HIS heart stopped, twice, but by then Jesse Morella had already choked on his own vomit. It was not until after Jesse was resuscitated a second time that the extent of the damage was known. He could not move his arms or legs. He could not speak. He could not even swallow. He was 16.

Jesse’s injuries horrified his family, but just as upsetting were what doctors said caused them: an overdose of heroin.

“What? Heroin? Just absolute shock,” Jesse’s mother, Maureen, said, recalling her reaction after her son’s heroin overdose in November 2004. “More shock than I can say. People used to say, ‘If you told me to pick 100 kids who would use heroin, I wouldn’t have had him as the 101st.’ ”

But at some point on the night he nearly died, Jesse — who helped teach catechism classes to children, coached a recreation league basketball team and loved few things more than riding his all-terrain vehicle — took what doctors believe was a “hot load,” a batch of heroin mixed with other chemicals, producing a toxic reaction.

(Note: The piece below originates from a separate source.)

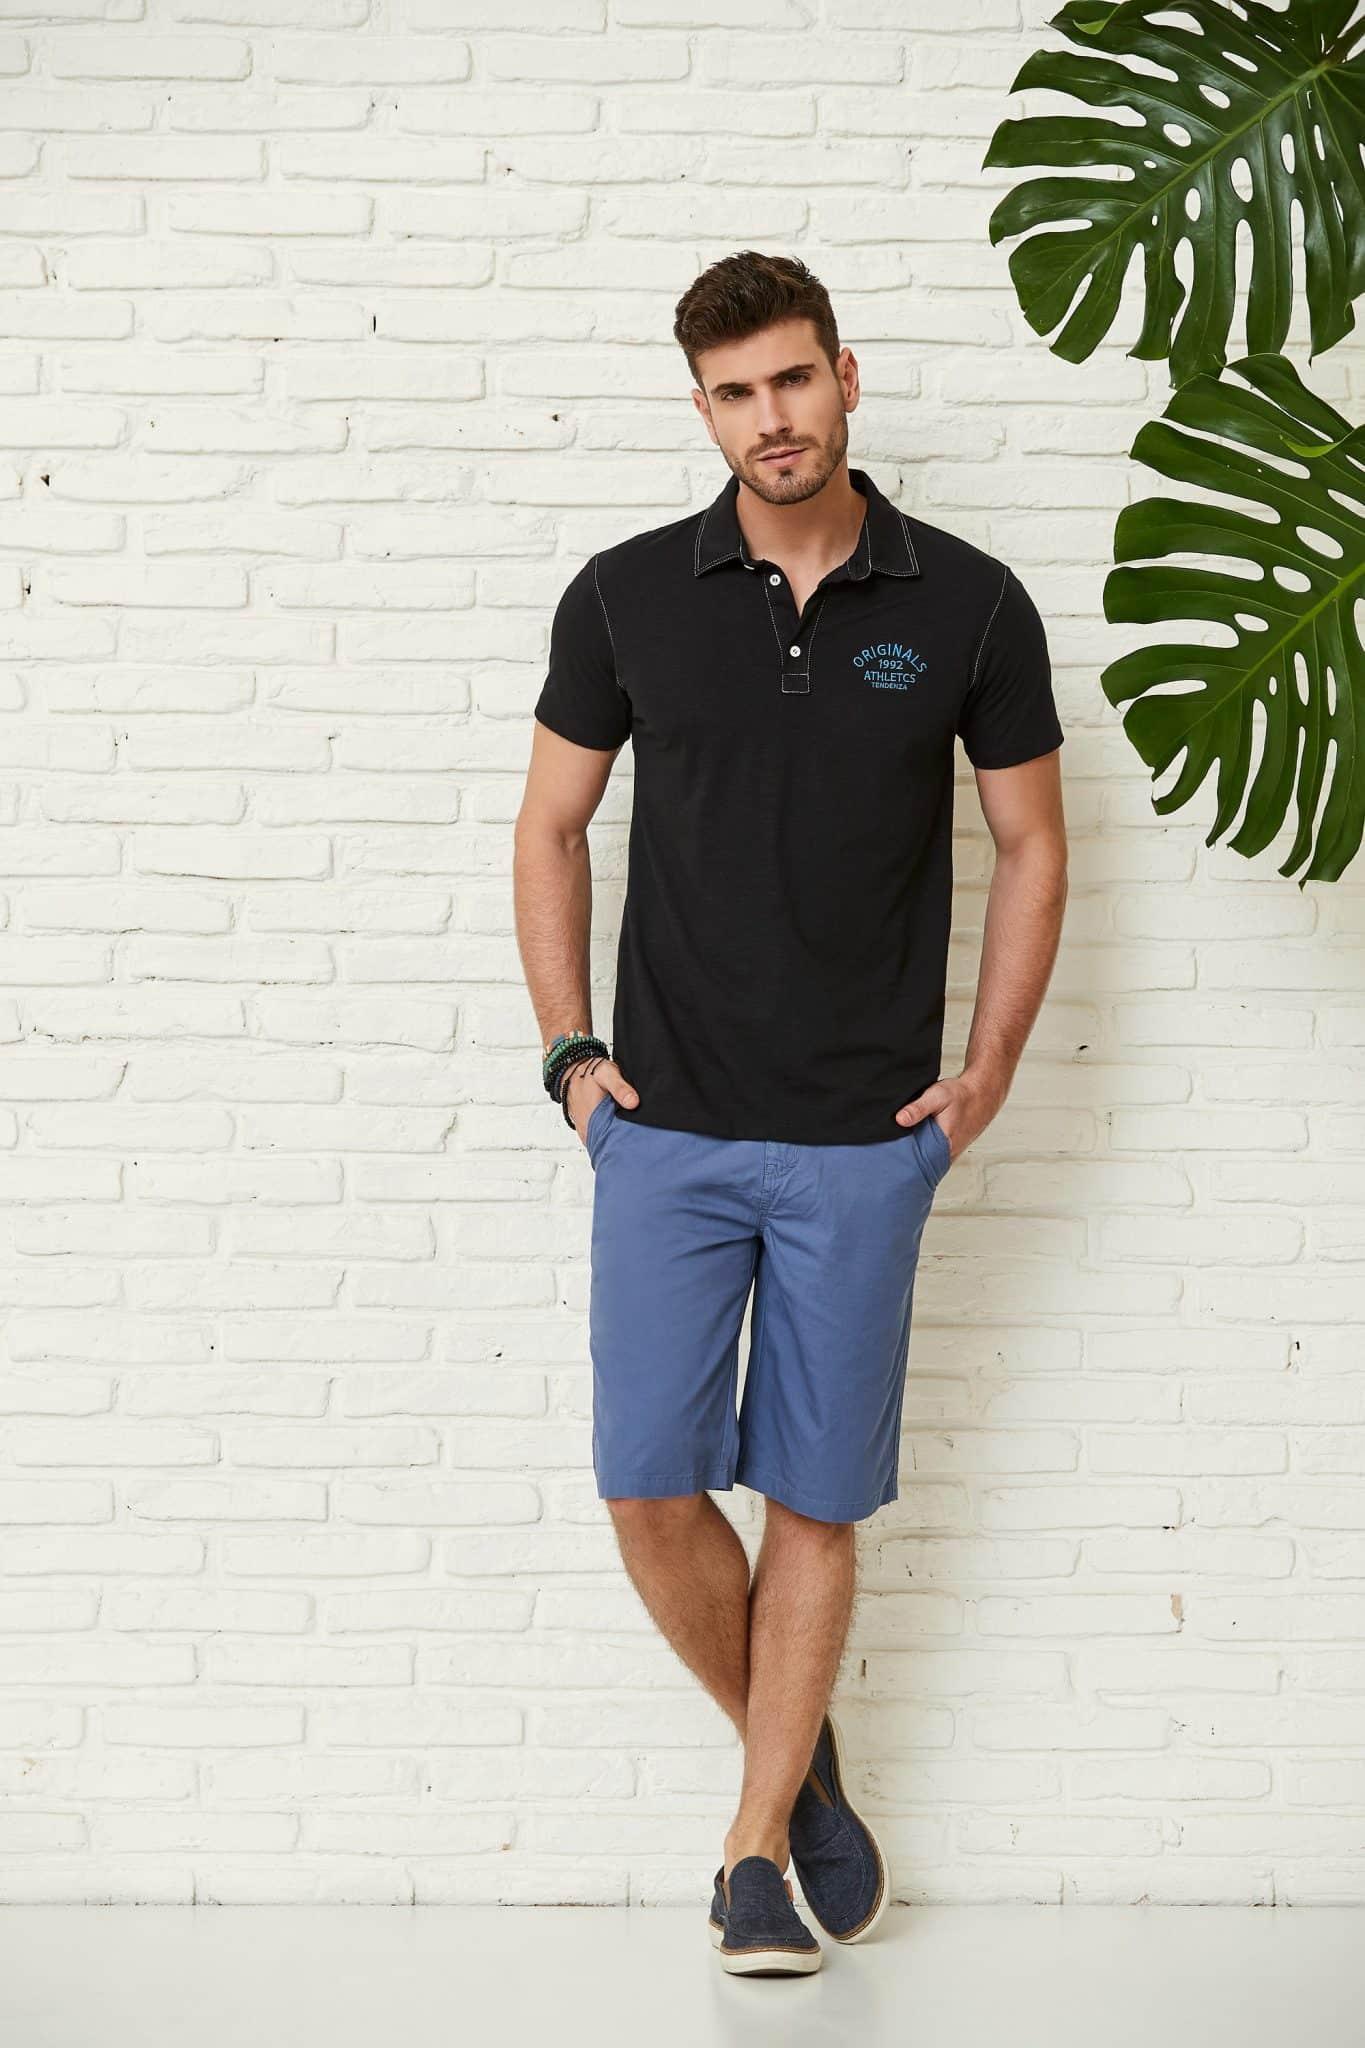 blusa polo preta combinada com bermuda azul

For Ms. Morella, there were tears, anger and ultimately an idea. She would do what she could to help other parents avoid the same horrible shock she felt upon learning that heroin, a ghost that hollowed out whole city neighborhoods three decades ago, was materializing again in the suburbs.

Within months, she began organizing lectures at schools — sometimes for children as young as sixth graders — about the dangers of heroin. She would take a slide presentation of photographs of Jesse’s life before heroin. And Jesse — resting in a wheelchair alongside his mother as she lectured — would provide a living example of what came after.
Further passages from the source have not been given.